Problem to solve: The expected answer is the set of lines in the data below between the line holding "Hãy cùng chiêm" and the line holding "Massage bụng với", inclusive, written out exactly.

Given data:
Content starts

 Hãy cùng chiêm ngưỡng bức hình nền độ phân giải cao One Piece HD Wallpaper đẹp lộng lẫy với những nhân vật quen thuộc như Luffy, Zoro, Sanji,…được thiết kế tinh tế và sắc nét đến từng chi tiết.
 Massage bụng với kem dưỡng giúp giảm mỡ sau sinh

Content ends
Content starts

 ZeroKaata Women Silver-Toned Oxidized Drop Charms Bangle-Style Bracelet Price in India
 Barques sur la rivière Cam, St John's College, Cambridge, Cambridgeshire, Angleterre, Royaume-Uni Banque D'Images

Content ends
Content starts

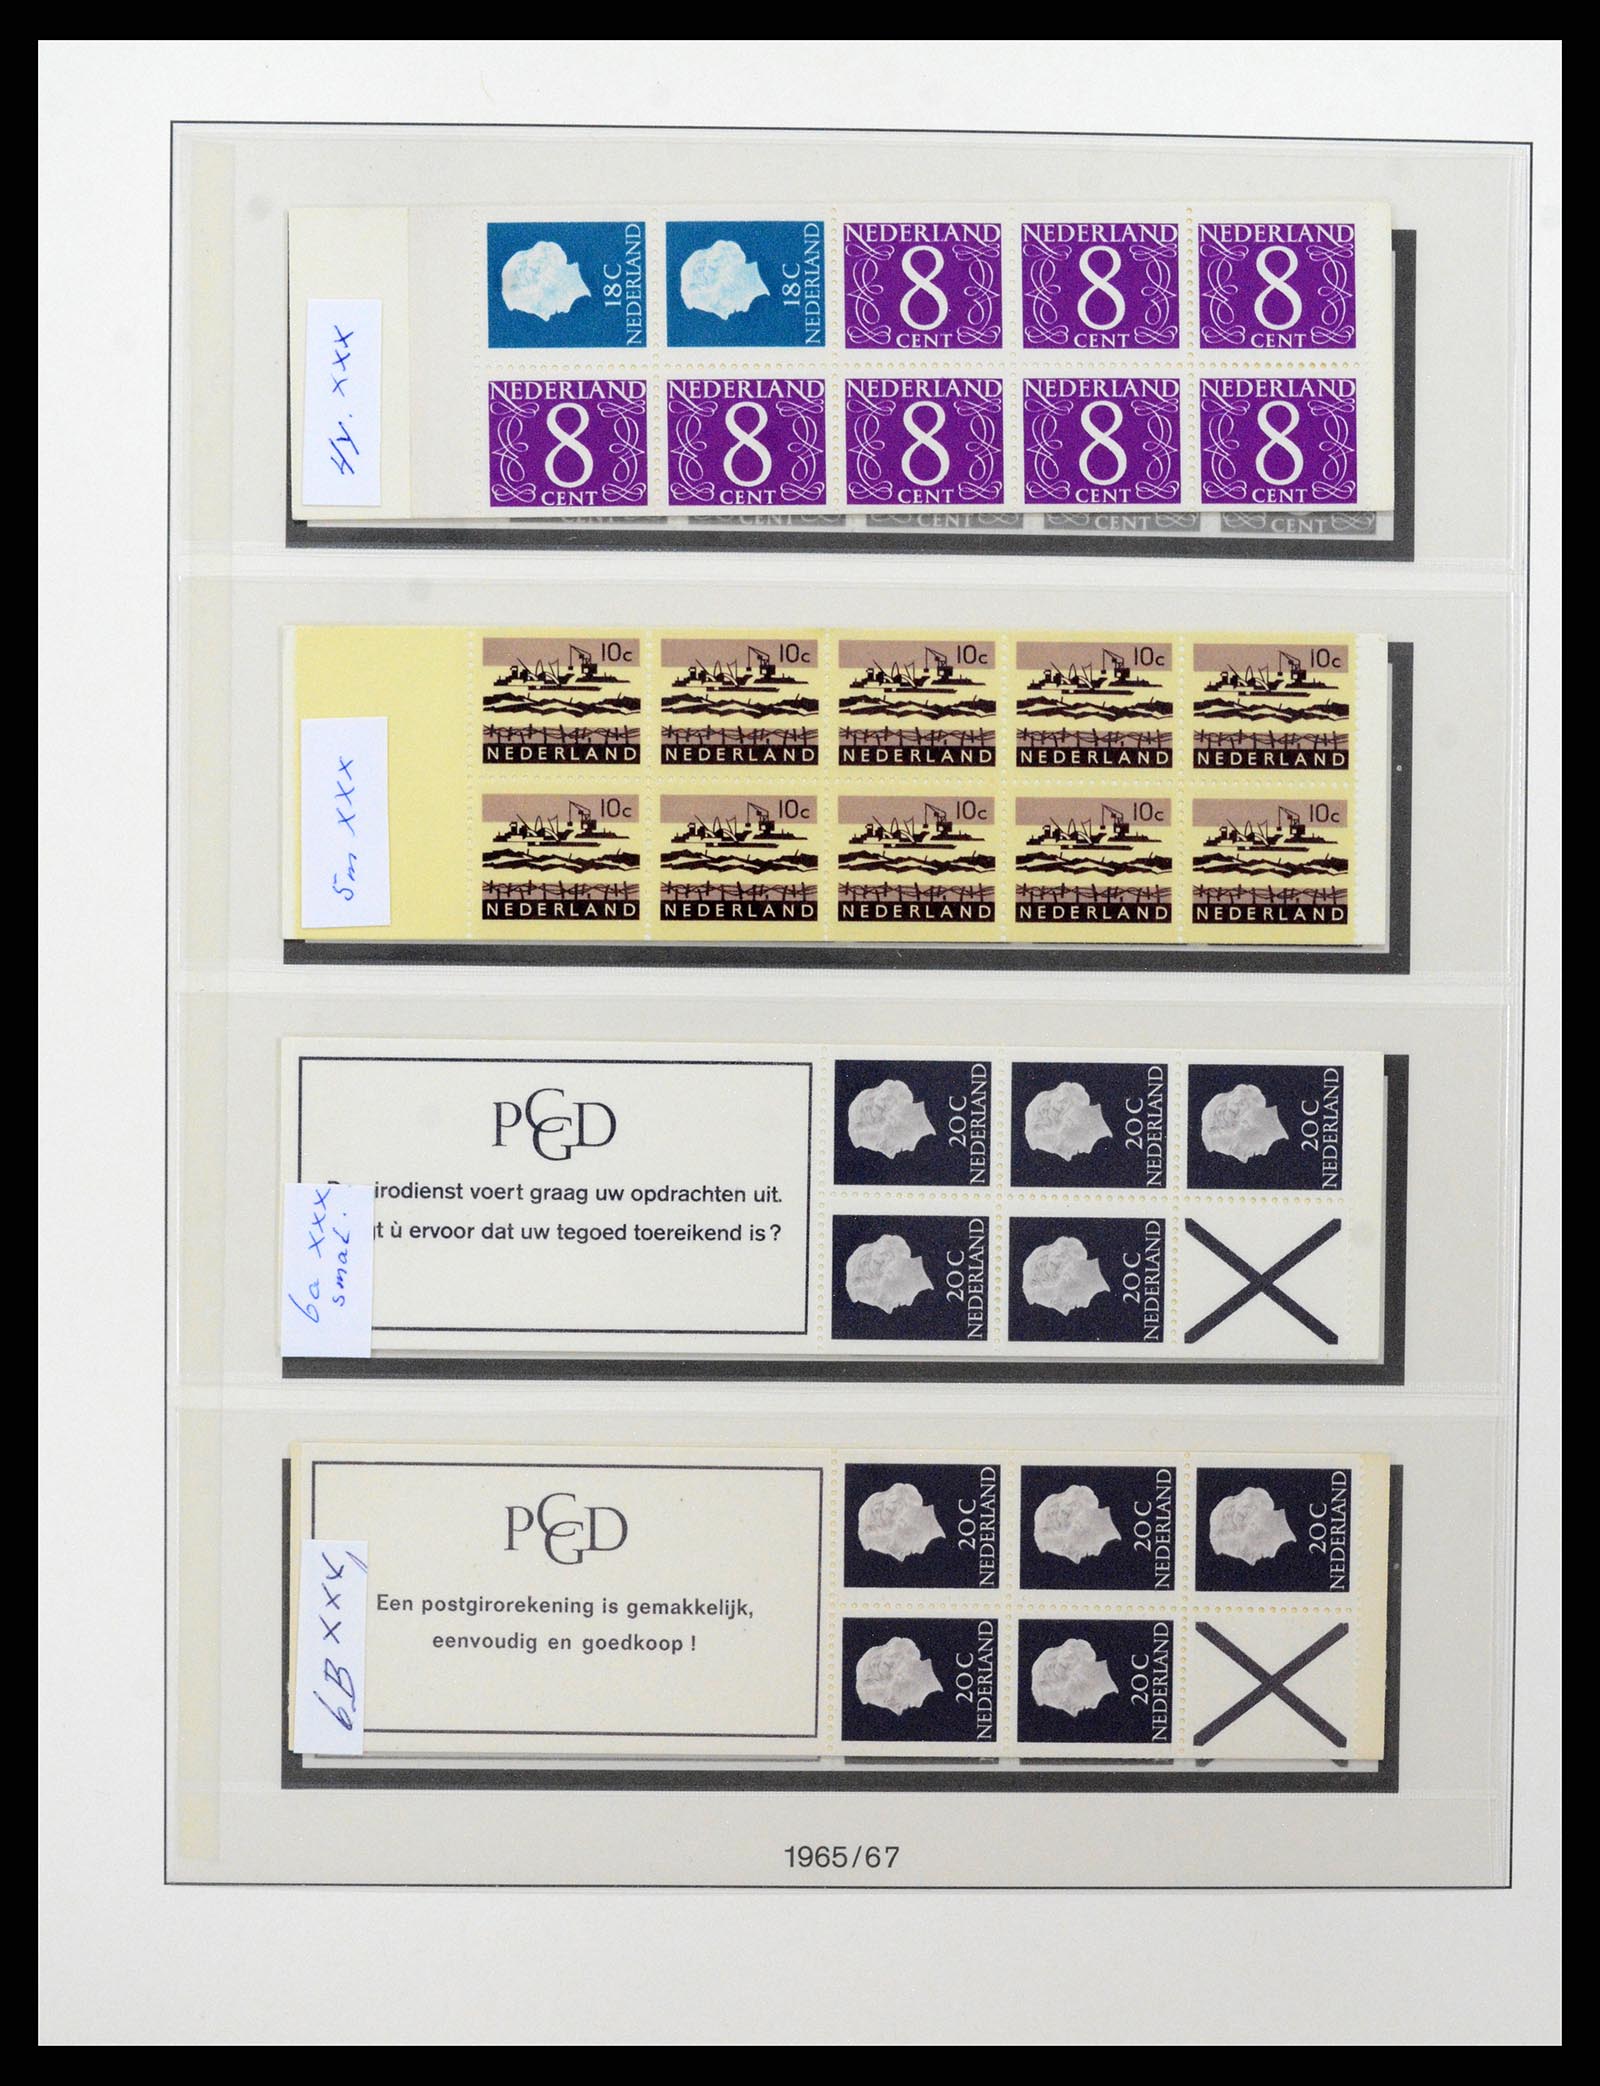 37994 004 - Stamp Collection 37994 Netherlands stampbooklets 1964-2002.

Content ends

Solution:
 Hãy cùng chiêm ngưỡng bức hình nền độ phân giải cao One Piece HD Wallpaper đẹp lộng lẫy với những nhân vật quen thuộc như Luffy, Zoro, Sanji,…được thiết kế tinh tế và sắc nét đến từng chi tiết.
 Massage bụng với kem dưỡng giúp giảm mỡ sau sinh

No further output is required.